Occupation Project targets Congress' war spending votes

National Catholic Reporter,  Sept 7, 2007  by Dennis Coday

Tags: Government, Iraq, senator, SOFTWARE, U.S.

Encouraged by successes in its winter-spring campaign to stop funding for the Iraq war. a coalition of antiwar groups is organizing another round of sit-in demonstrations in the home offices of U.S. senators and congressmen and congresswomen through the end of September.

The chief organizer of the "Occupation Project," the Chicago-based Voices for Creative Nonviolence, calls the effort "a campaign of sustained nonviolent civil disobedience aimed at ending funding for the U.S. war in and occupation of Iraq."

Under the project, groups of people visit the home offices of senators and U.S. representatives. Typically they ask to meet the lawmaker and try to secure a pledge from her or him to stop funding to the Iraq war. The group refuses to leave the offices until they have the pledge. The office occupations are to be nonviolent and generally end in arrests for trespassing or similar charges.
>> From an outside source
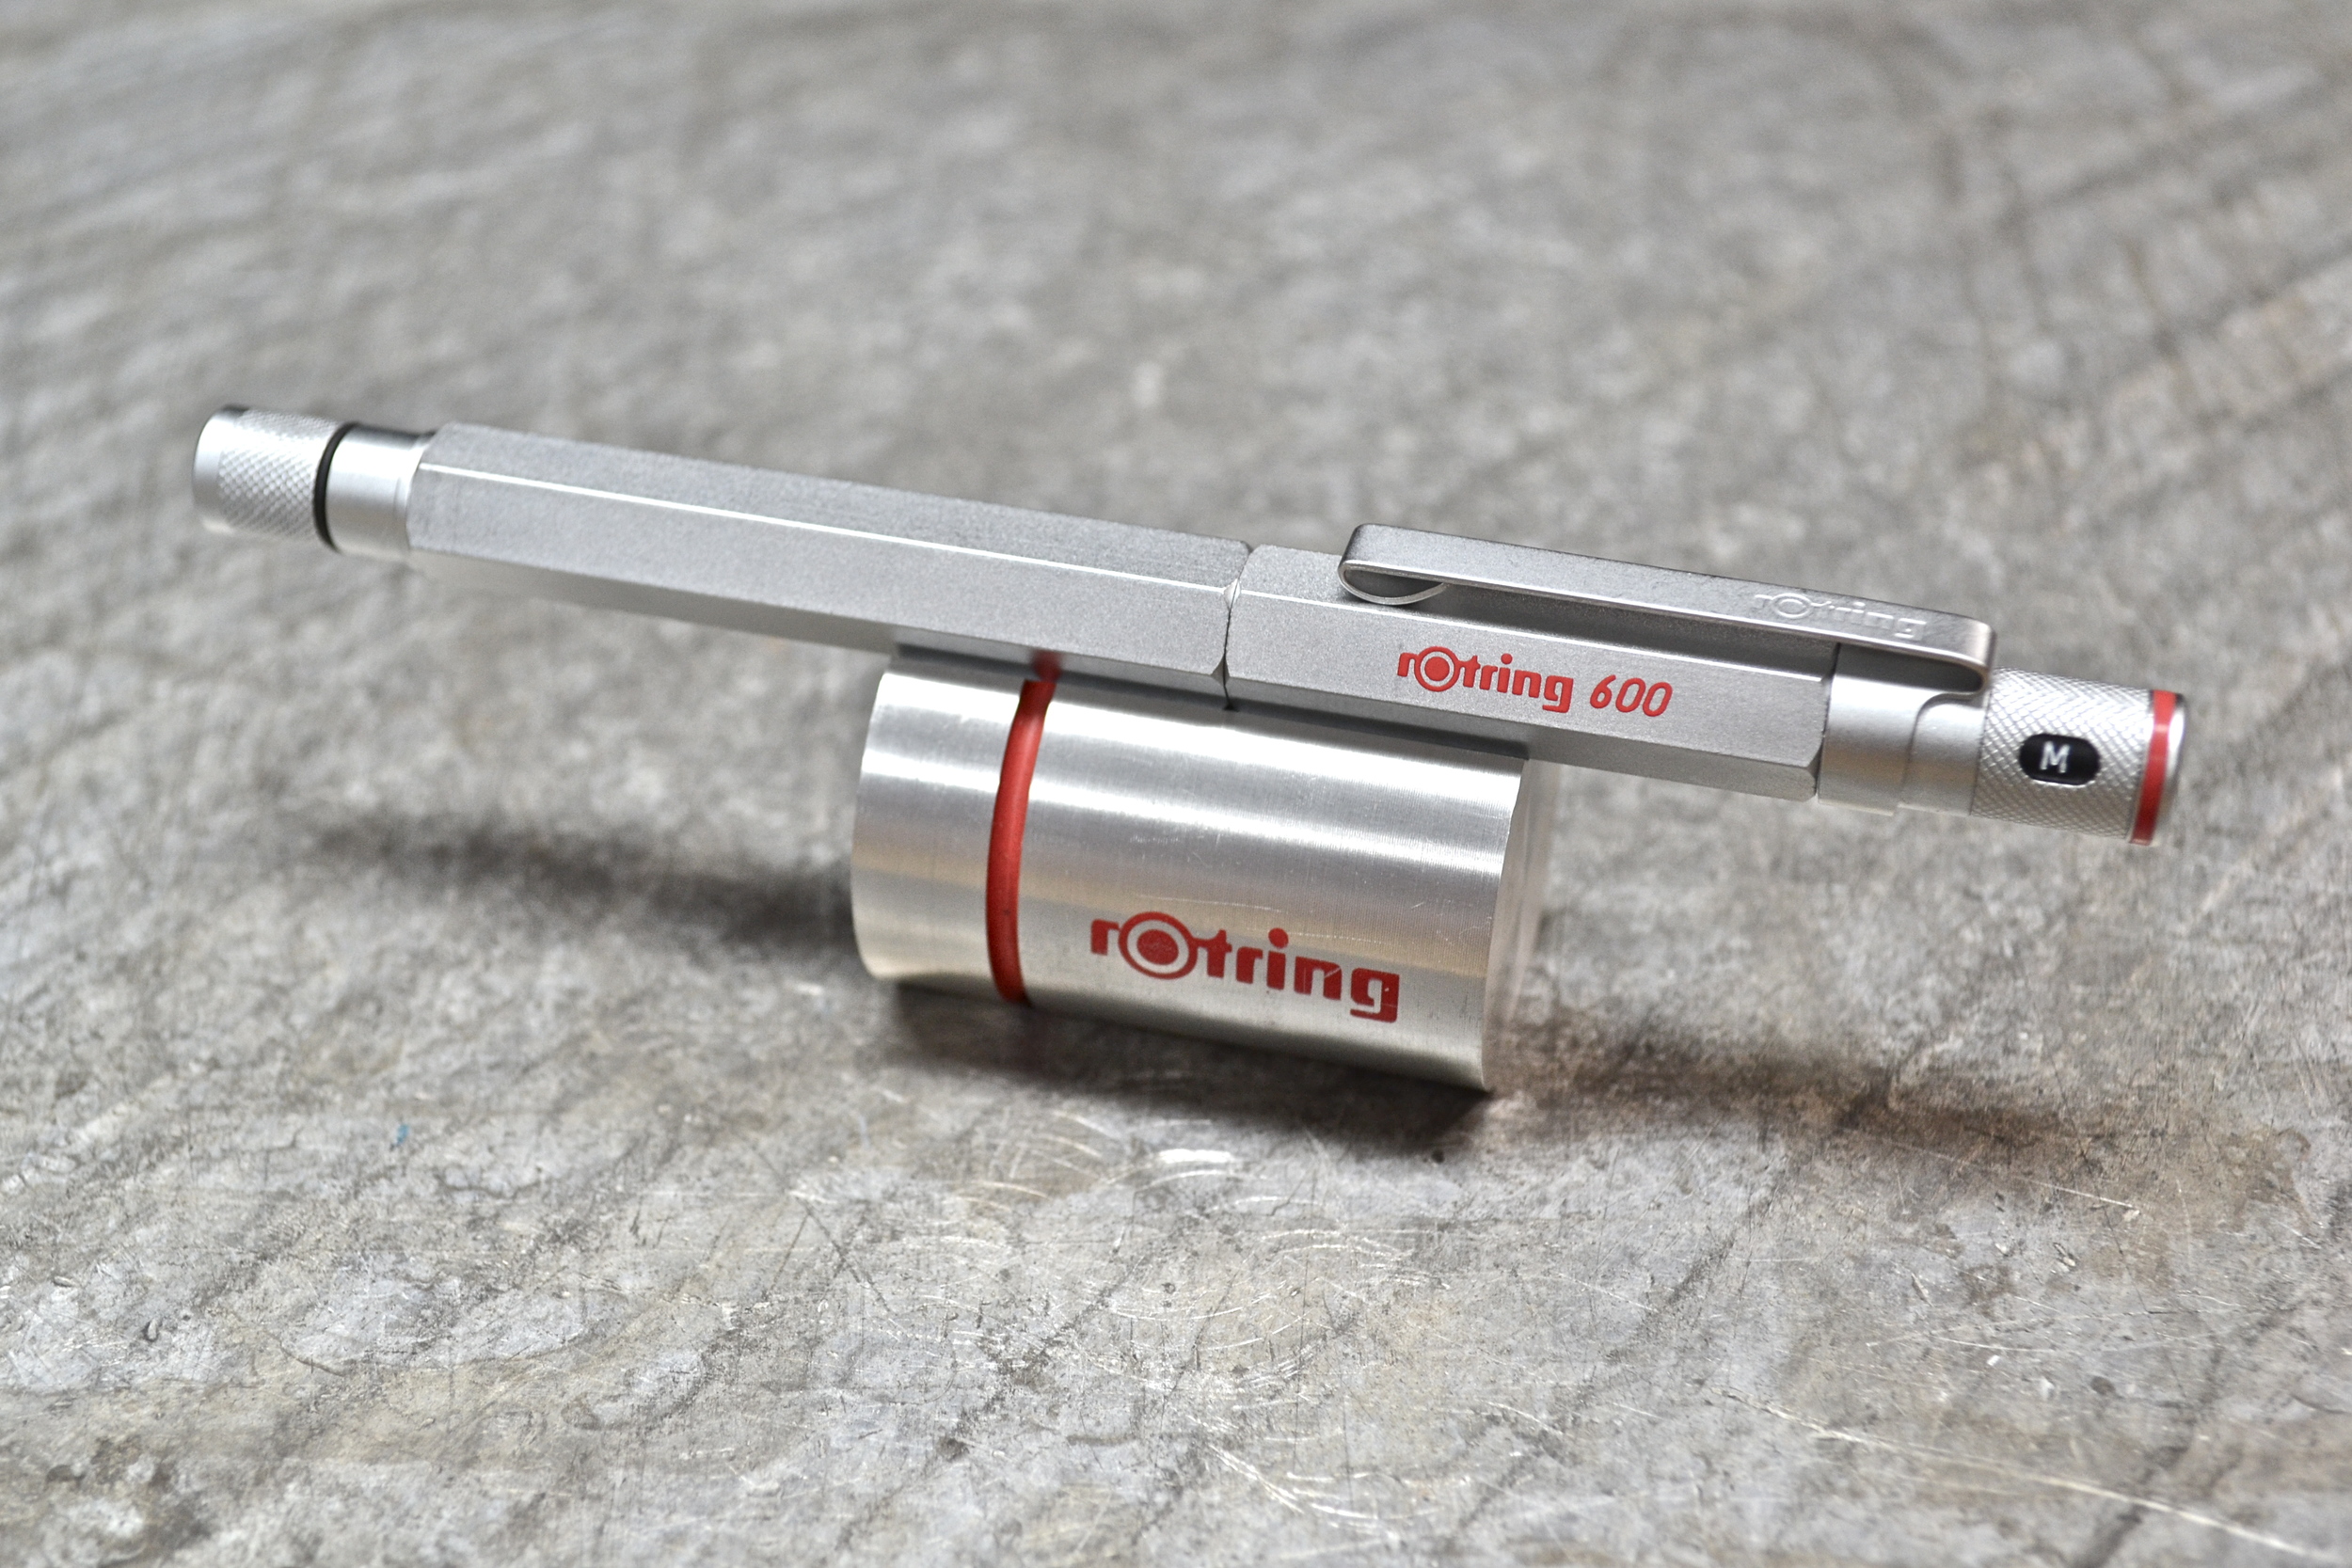 So, you want to buy a vintage rOtring? A guide of sorts. — The Clicky Post

The first phase of the Occupation Project was launched Feb. 5 and ran until April 17. In that time, organizers say, more than 320 people were arrested in the offices of 39 U.S. representatives and senators in 25 states.

That campaign targeted legislation authorizing a $482 billion military budget for fiscal year 2008 and $93 million in supplemental funding for wars in Iraq and Afghanistan that Congress debated and voted on in the spring and early summer. Final votes on all the bills are pending.

Also pending is another $142 billion in supplemental funding for the wars. The Washington Post reported Aug. 29 that President Bush plans ,to add $50 billion to that supplemental bill in mid-September, after the U.S. commander in Iraq, Army Gen. David Petraeus, makes his much-anticipated report to Congress on the status the Iraq war.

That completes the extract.